While the stock market is
on a tear and there seems to be nothing that will interrupt its rise to the
stratosphere, an interesting measure shows that the market is definitely in
uncharted territory.
Three
professors, Scott Baker from Northwestern University, Nick Bloom
from Stanford and Steven Davis from the University of Chicago, have developed
an index called the Economic Policy Uncertainty Index (EPU)

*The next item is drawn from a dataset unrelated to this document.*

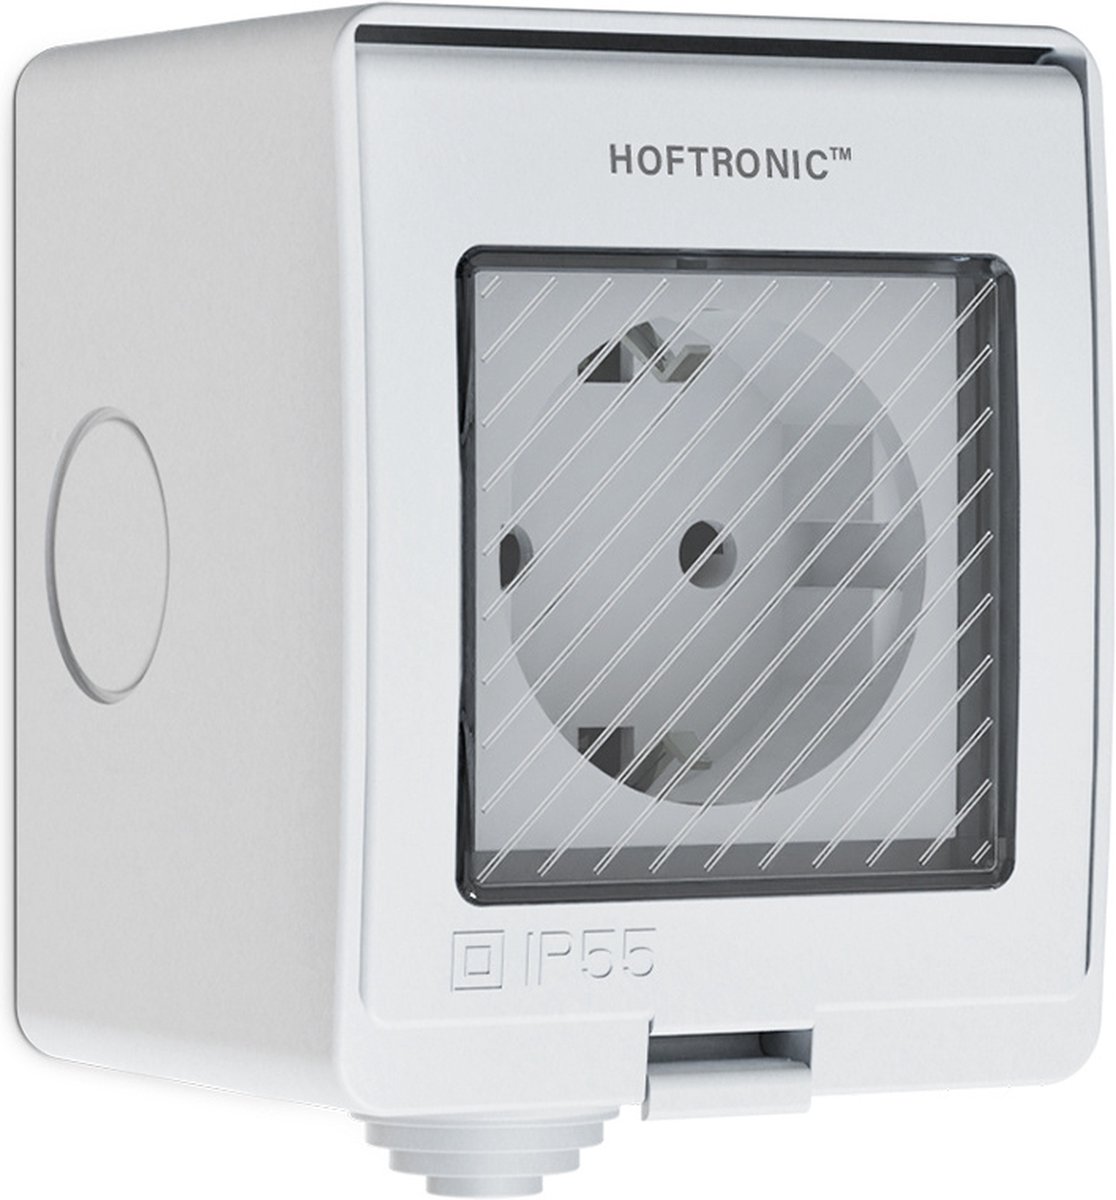 HOFTRONIC - Slimme Stekker buiten - IP55 Waterdicht voor binnen en buiten - Slim buitenstopcontact - WiFi + Bluetooth 16A - Bediening via App - Compatibel met alle smart assistenten - Smart Home

which has a very unique basis; it is based on an analysis of news items, both
past and present.
As we know, since the
near-global financial meltdown, concerns about monetary, fiscal and regulatory
policies have come to the forefront, particularly since it has become apparent
that these policies created the crisis in the first place and have been
relatively ineffective at creating pre-Great Recession levels of economic
growth and stability. To look at the role of policy uncertainty, the
authors created the Economic Policy Uncertainty Index (EPU) by looking at the
10 leading newspapers in the United States going back to 1985 (the LA Times,
USA Today, Chicago Tribune, Washington Post, Boston Globe, Wall Street Journal,
Miami Herald, Dallas Morning News, Houston Chronicle, San Francisco Chronicle
and New York Times) that contain the following "triple";
"economic" or "economy", "uncertain" or
"uncertainty" and one or more of the following; "congress",
"deficit", "Federal Reserve", "legislation",
"regulation" or "White House". Here is a graph
showing the results:
You can see that the EPU
spikes during each crisis over the past three decades including Black Monday in
1987, the first Gulf War, the Long Term Capital Management Crisis, the
uncertainty of the 2000 election, September 11, 2001, the Gulf War, the Wall
Street/Lehman/TARP crisis etcetera. This is not terribly surprising but
it shows a very close relationship between crises and the use of certain words
in the media.
The authors then pushed
their examination back in time to 1900, using six major United States
newspapers (the LA Times, Chicago Tribune, Boston Globe, Wall Street Journal,
New York Times and Washington Post) which shows the following with key events
highlighted:
You will also note that
there is an upward drift of the EPU over the past century which the authors
attribute to the growing role of the government in the economy and the growing
level of political polarization in the United States.
The authors used a
similar method to create EPU indices for eleven other G10 economies including
Australia, Brazil, Canada, Chile, China, Europe, France, Germany, India,
Ireland, Italy, Japan, Korea, Netherlands, Russia, Spain and the United Kingdom
along with a global index, some of which are shown here:
1.) The United States:
2.) The United Kingdom which clearly shows the impact of Brexit:
3.) Europe:
4.) China:
When combined, this is
what the global monthly EPU chart looks like when calculated using a
GDP-weighted average of monthly EPU index values for the 17 nations that comprise two-thirds of the global GDP:
It certainly appears that
the stock market, in particular those in the United States, is not reflecting any sense of the elevated levels of monetary, fiscal and regulatory uncertainties that exist in the "real world". With the world's economy so interconnected, the record levels of the EPU index should cause investors to ponder whether now is the time to jump into the market or whether one should wait until the policy dust settles.